So you’ve probably heard of the General Data Protection Regulation, otherwise known as GDPR, which is an EU effort to improve, tighten and extend security regulation across Europe.
What you might not have considered is how this new legislation will affect your business. The most important thing about the GDPR is that it applies to any company using any kind of personal data on EU citizens. That means that for the vast majority of US and UK firms that operate on an international scale, they must now be compliant with the regulation.
UK-based businesses cannot afford to ignore GDPR despite the fact the country has voted to leave the EU.Dr Kuan Hon, Cybersecurity expert
These businesses need to to adjust to the new rules by 2018, or can face huge fines. The maximum penalty that UK firms will now face is forty times larger than the Data Protection Act, which is the existing framework.
To avoid disrupting the company too much with major last minute changes, and incurring substantial costs in the process, it is vital that businesses operating in the EU take steps now to move towards compliance with the GDPR. Waiting until early 2018 or even late 2017 will be too late.Annabelle Richard, data protection expert
Here are six things you should make sure you’re ready for when the GDPR comes into effect.
1 More kinds of data
Fundamentally, the GDPR applies to ‘personal data’. This description makes it clear that it encompasses anything that includes any kind of online identifier, meaning the new scope for what constitutes as personal data is far greater than before. An IP address or geolocation data are both considered personal data in the GDPR rule book. This even applies to personal data that has been pseudonymised, if the company is not careful about how easy it is to attribute this to particular individuals
2 Extended definition of breaches
While previously a breach was focused on events that involved the ‘loss’ of personal data, the new legislation considers a security breach to include the destruction, loss, alteration, unauthorised disclosure of, or even access to, personal data. The range of events that fall under the remit of the GDPR is far greater than ever before.

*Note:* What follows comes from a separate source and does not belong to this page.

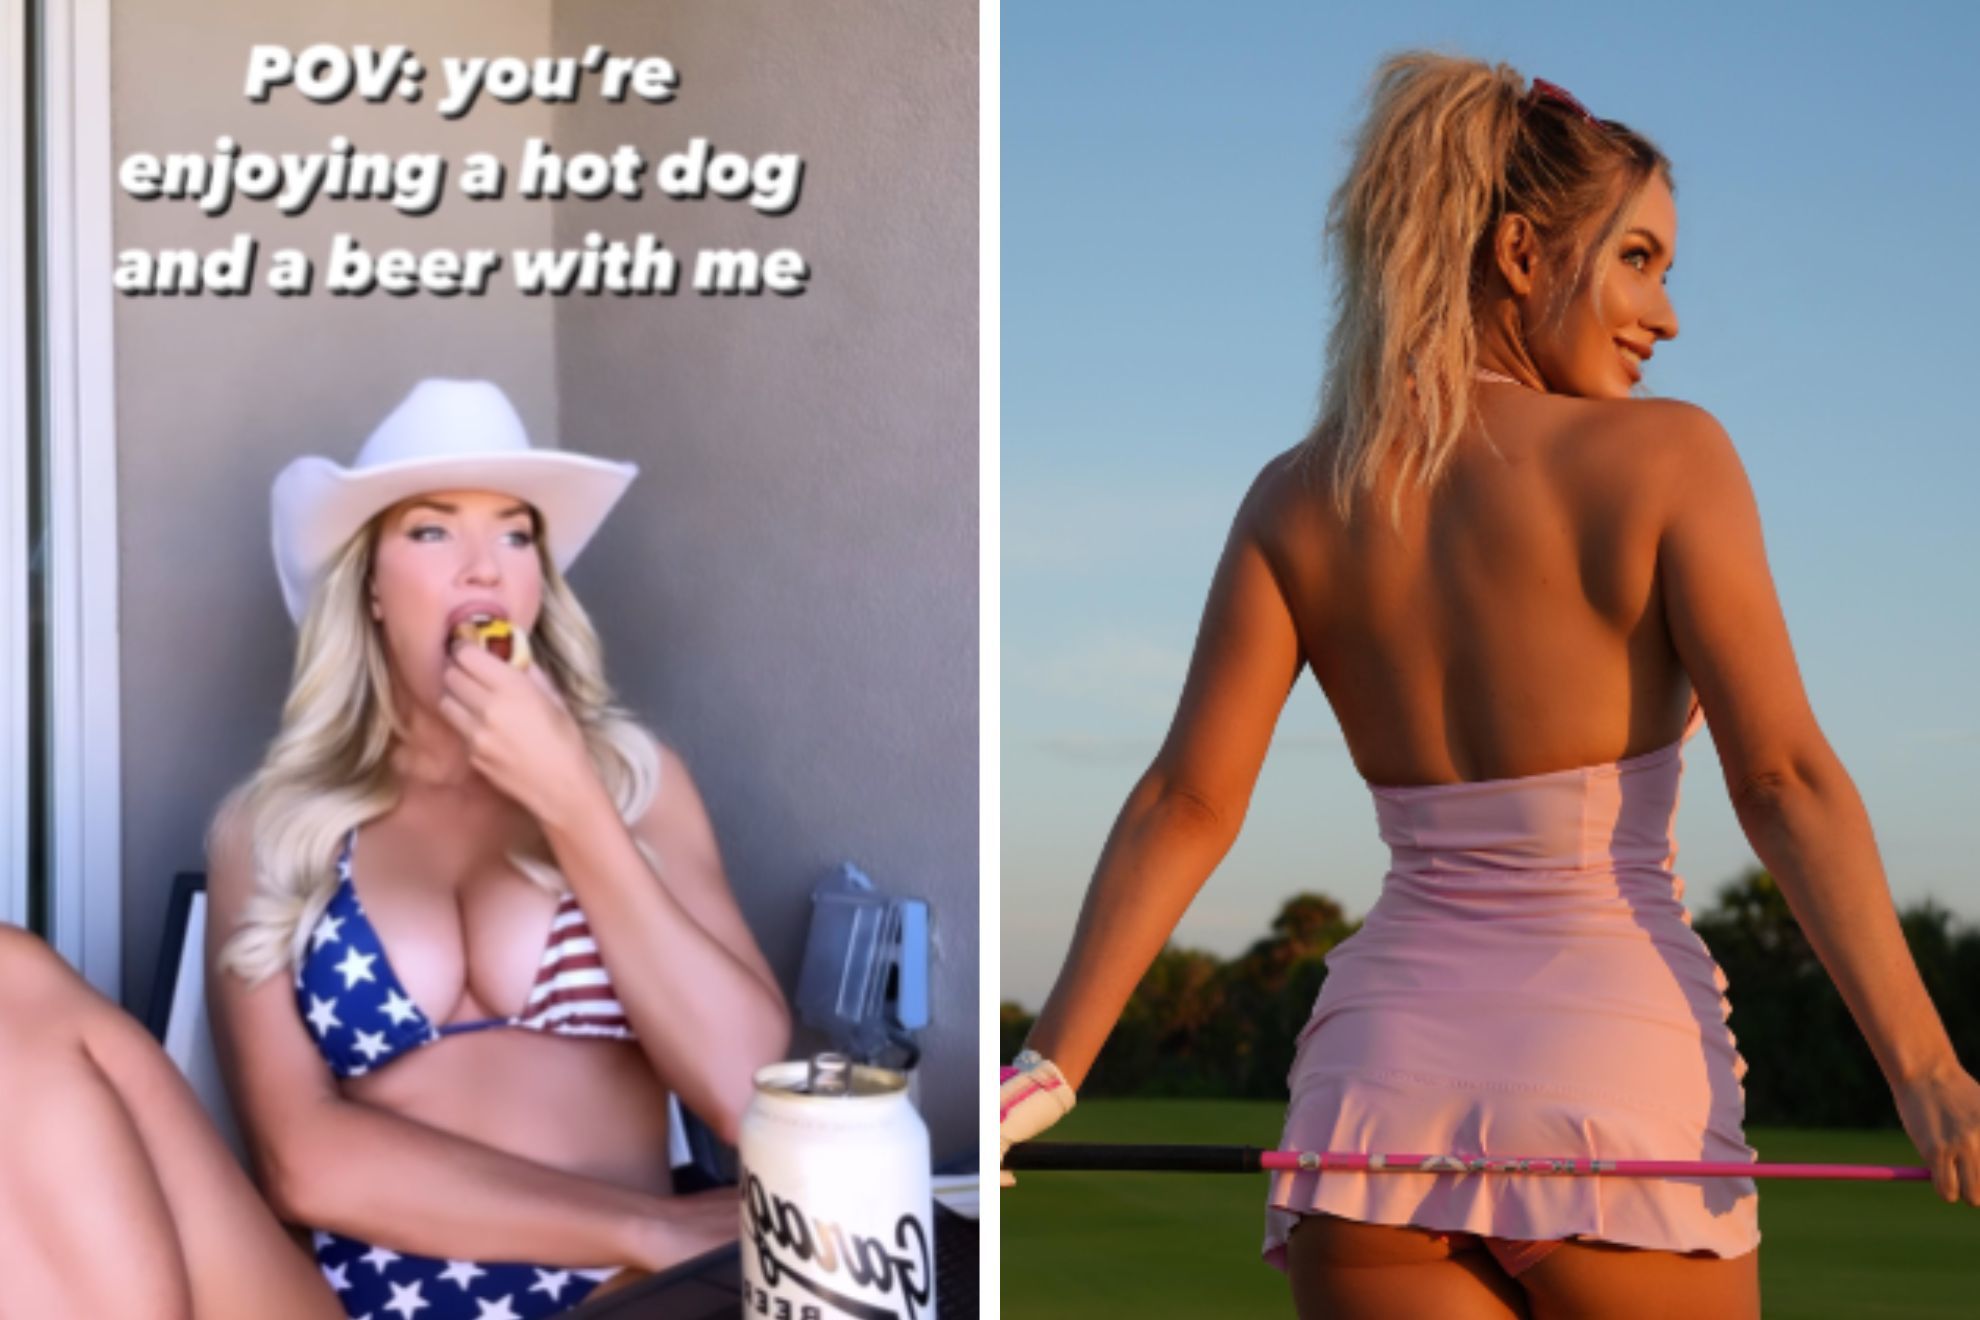 Paige Spiranac teases fans with free beer for life, chance at golfing with her
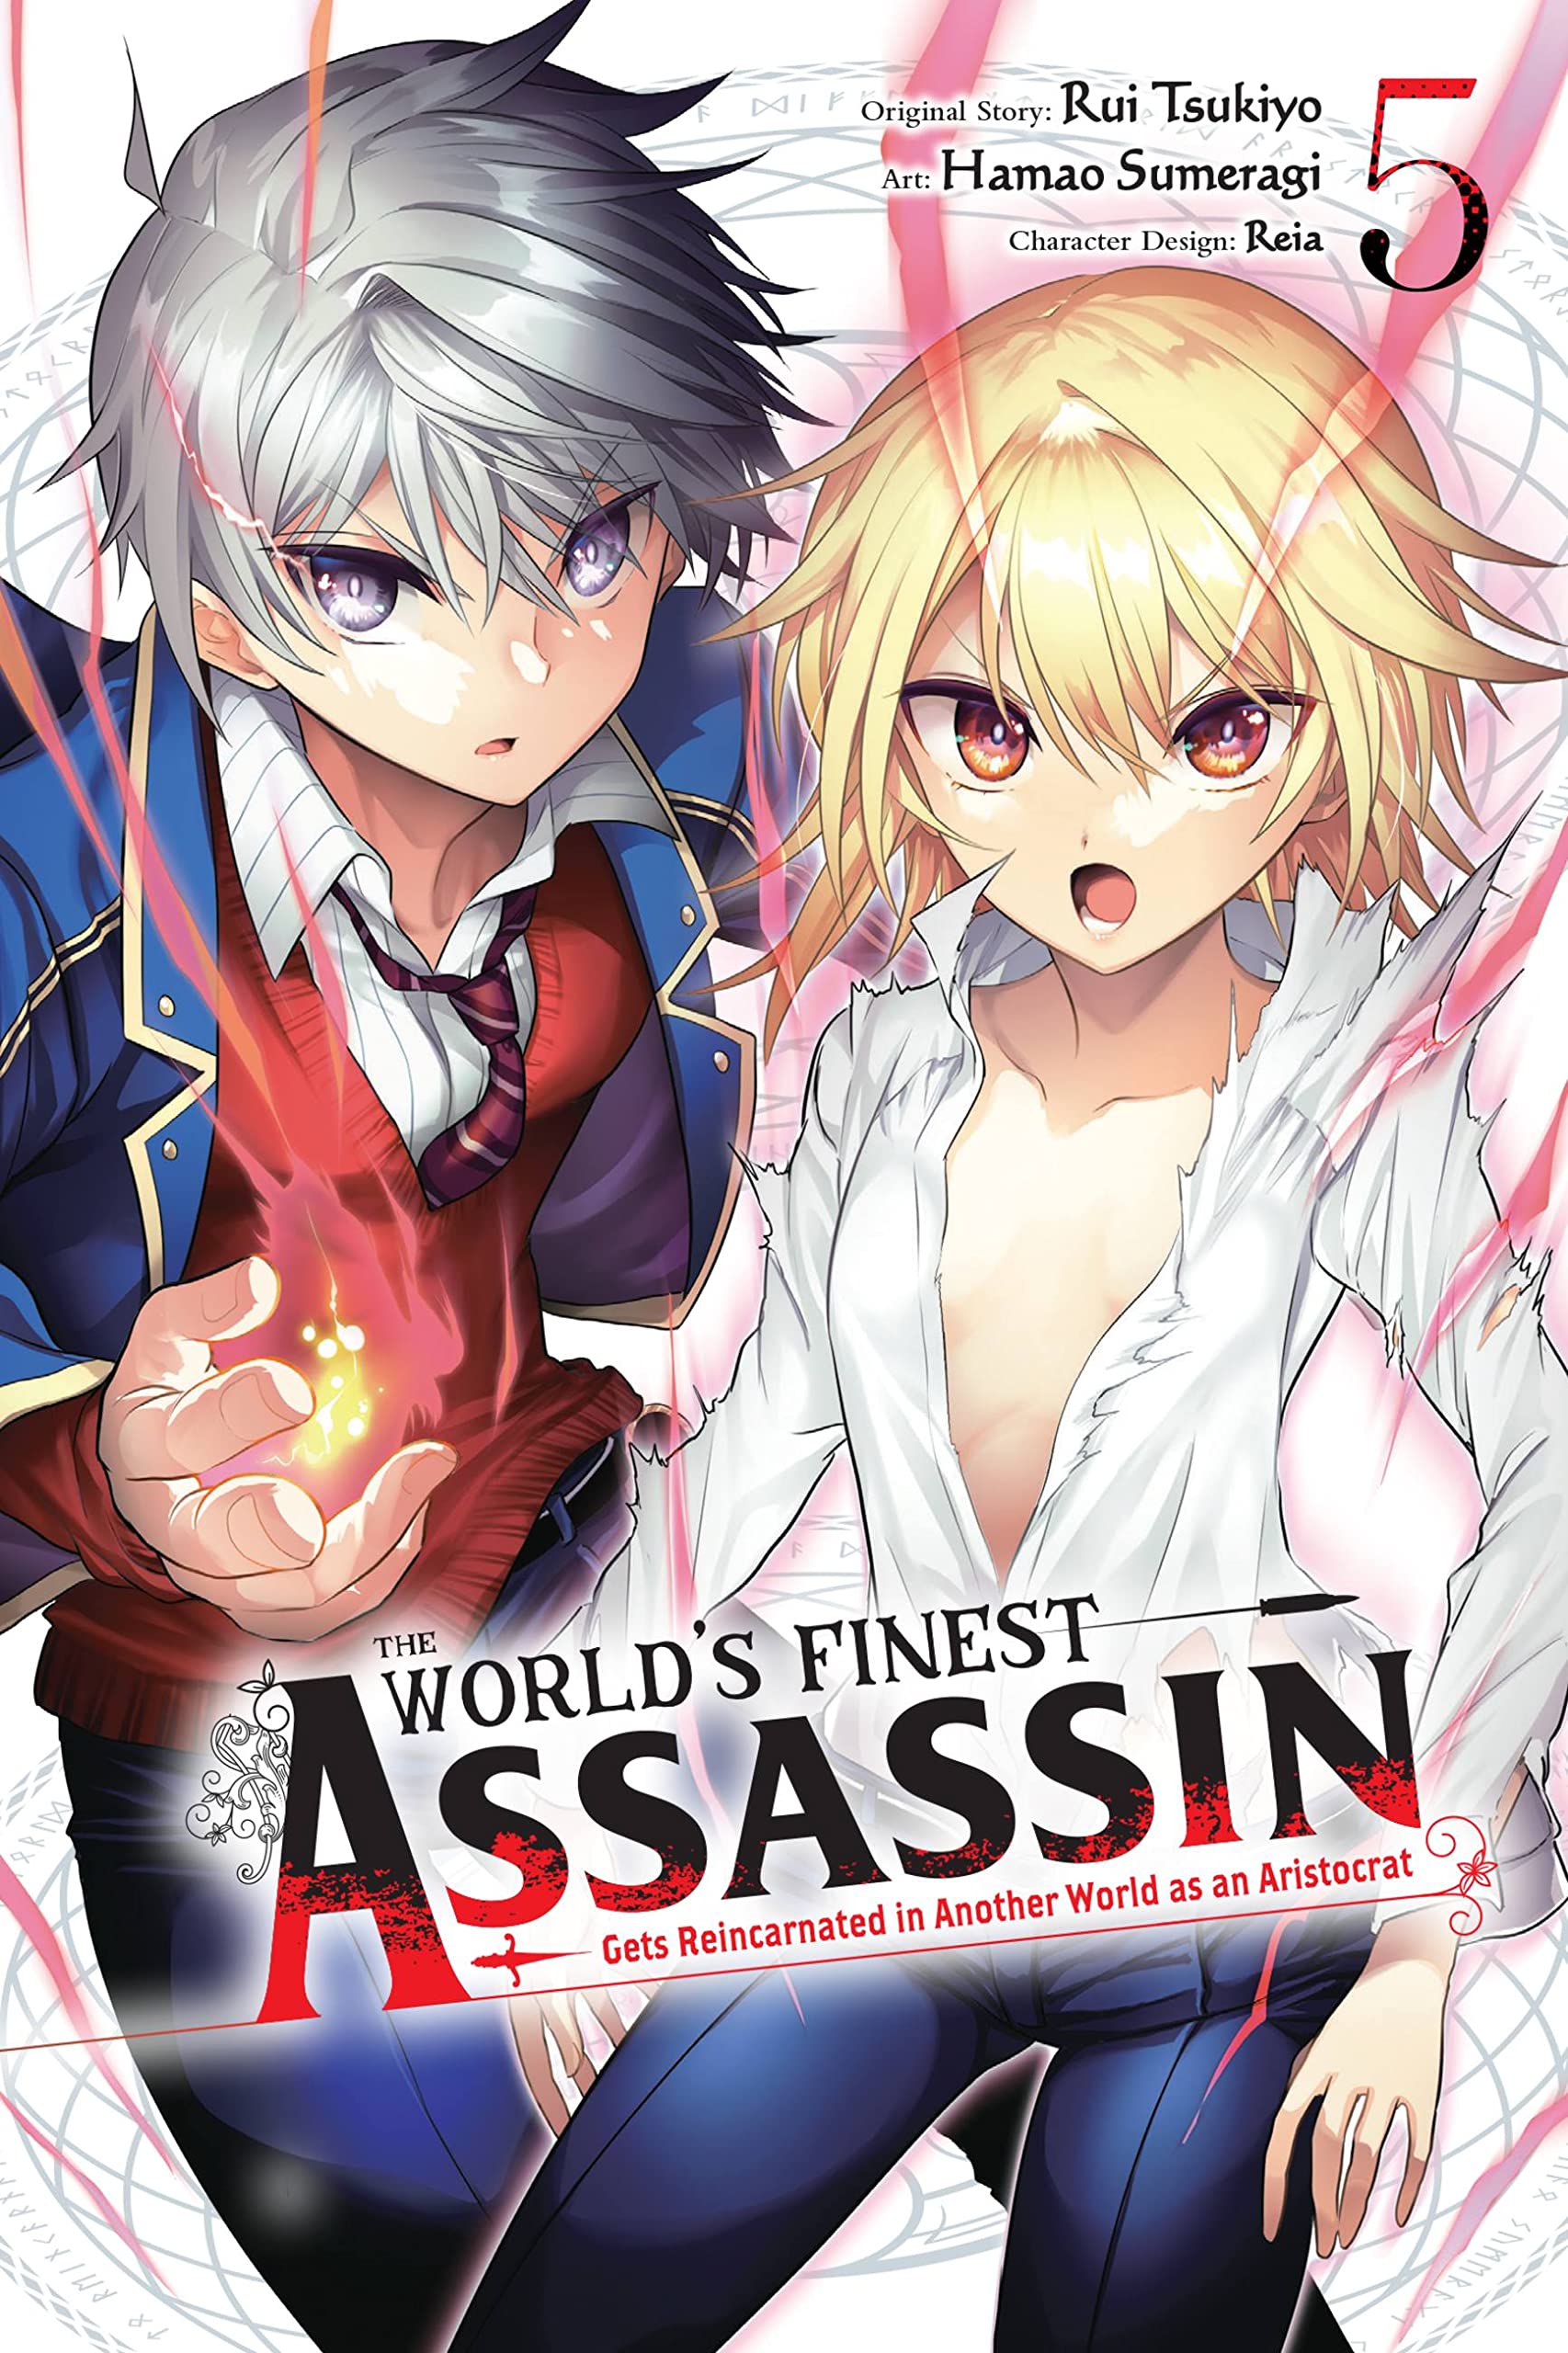 The World's Finest Assassin Gets Reincarnated in Another World as an Aristocrat (Manga) Vol. 05

3 Lower threshold for severity
Under existing law in the UK, breaches are only penalised if it can be demonstrated that those who have had their personal data exposed have received actual harm or financial loss as a result. The GDPR instead broadens this to any kind of distress, meaning far more security events will soon be under scrutiny.
4 Being unprepared can result in fines
One of the biggest changes that GDPR will bring is that fines can apply even to situations in which a breach has not occurred. The Supervisory Authority in the UK will be able to penalise any business that fails to observe the principles of the GDPR. That will most likely mean that punishments can be given to non-compliant organisations, even if no security event has taken place.
5 Less time than before
The GDPR is also stricter on how long companies have to alert the authorities in the case of a breach. There will be a compulsory requirement to inform the Supervisory Authority no longer than 24-72 hours following a breach. Falling foul of this deadline could result in the full administrative penalty of 4% of turnover.
6 It applies everywhere
The GDPR is applicable to any company that holds personal data on citizens in the EU. Almost every global organisation should be preparing itself for the new legislation, and introduce new measures to ensure compliance.